The OpenAQ API and Python SDK responses share a consistent format. The SDK automatically transforms raw JSON from the API into Python objects, enabling dot notation access. This design simplifies data retrieval and cuts down on boilerplate code. You can also still access data as raw JSON or a standard Python dictionary when needed.

Every response returned by the OpenAQ client follows a consistent top-level layout. Along with the core data payload, responses include metadata and HTTP headers to help you manage pagination and API rate limits effectively.

├── headers
│ ├── x_ratelimit_limit: int | None
│ ├── x_ratelimit_remaining: int | None
│ ├── x_ratelimit_used: int | None
│ └── x_ratelimit_reset: int | None
├── meta
│ ├── name: str
│ ├── website: str
│ ├── page: int
│ ├── limit: int
│ └── found: int
└── results: list[]

The headers attribute provides information about your API usage using rate limit HTTP headers to help the SDK handle throttling proactively. The rate limit headers track your total rate limit allowance, how many requests you have used, and how many requests remain in the current window. When you approach your threshold, the reset field tells you exactly how many seconds remain until your limit refreshes, allowing your application to pause or back off dynamically.

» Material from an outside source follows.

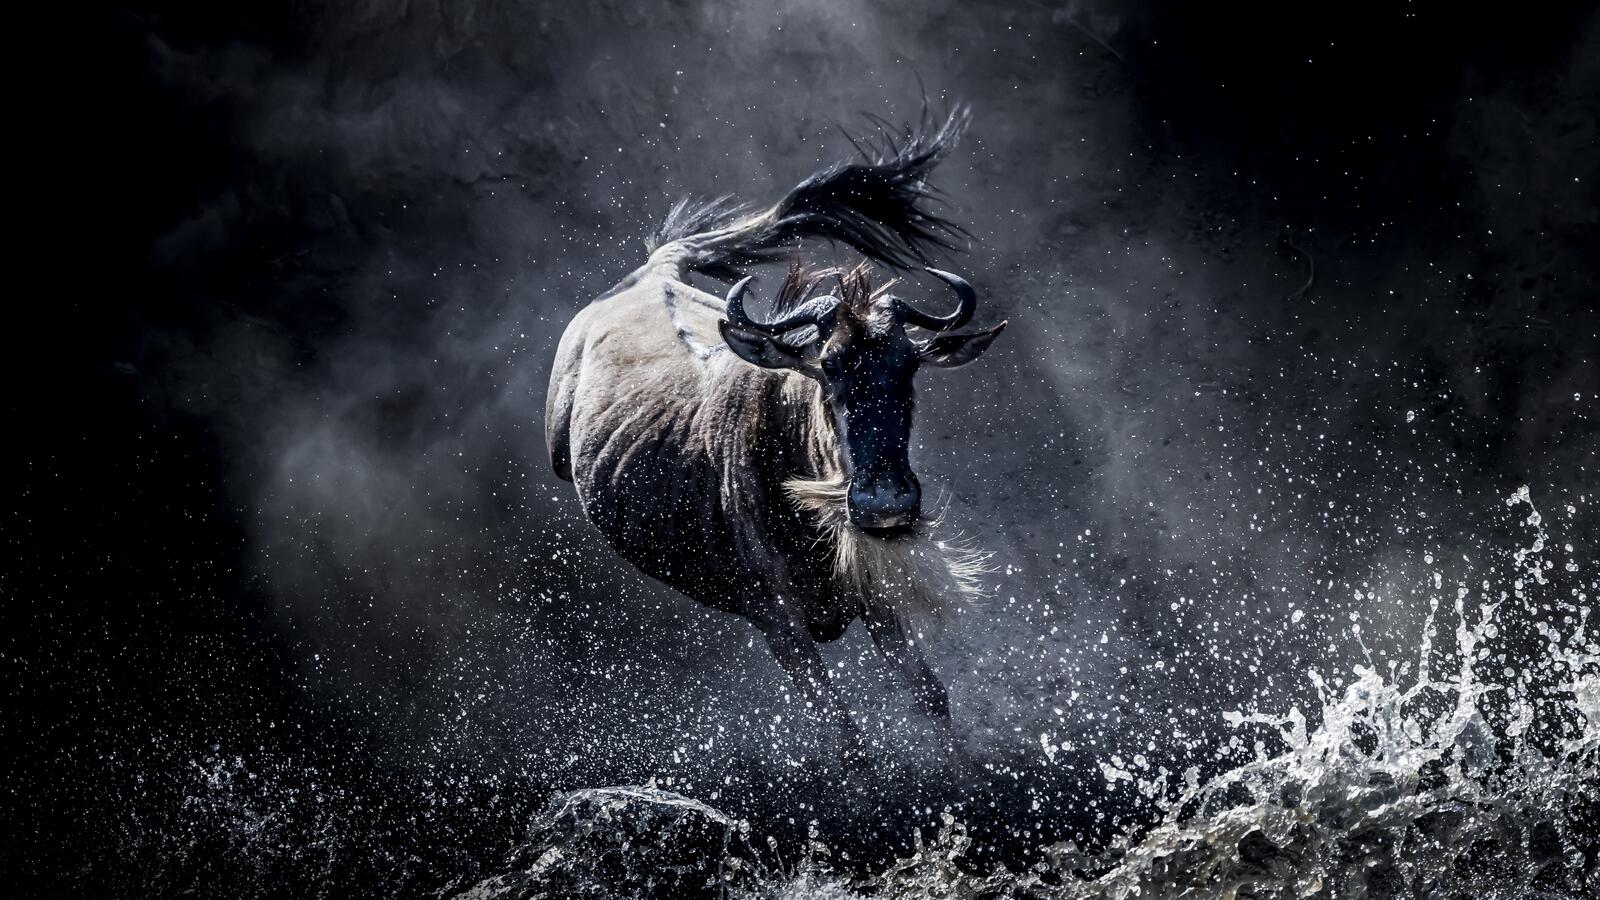 Wallpapers wildebeest running wild on the desktop

The meta attribute delivers essential context about the API response itself, which is especially critical for managing paginated datasets. Alongside basic provider information like the name and website, it tracks your current position in the dataset by displaying the active page number and the requested per-page limit. Crucially, the total found count reveals the entire pool of matching records, helping you calculate exactly how many subsequent pages are available to fetch.

The results attribute always contains a Python list (a deserialized JSON array) holding the primary data payload. This rule applies consistently across the SDK, even when fetching a single object via get(), or when filters yield no matches (in which case results returns an empty list).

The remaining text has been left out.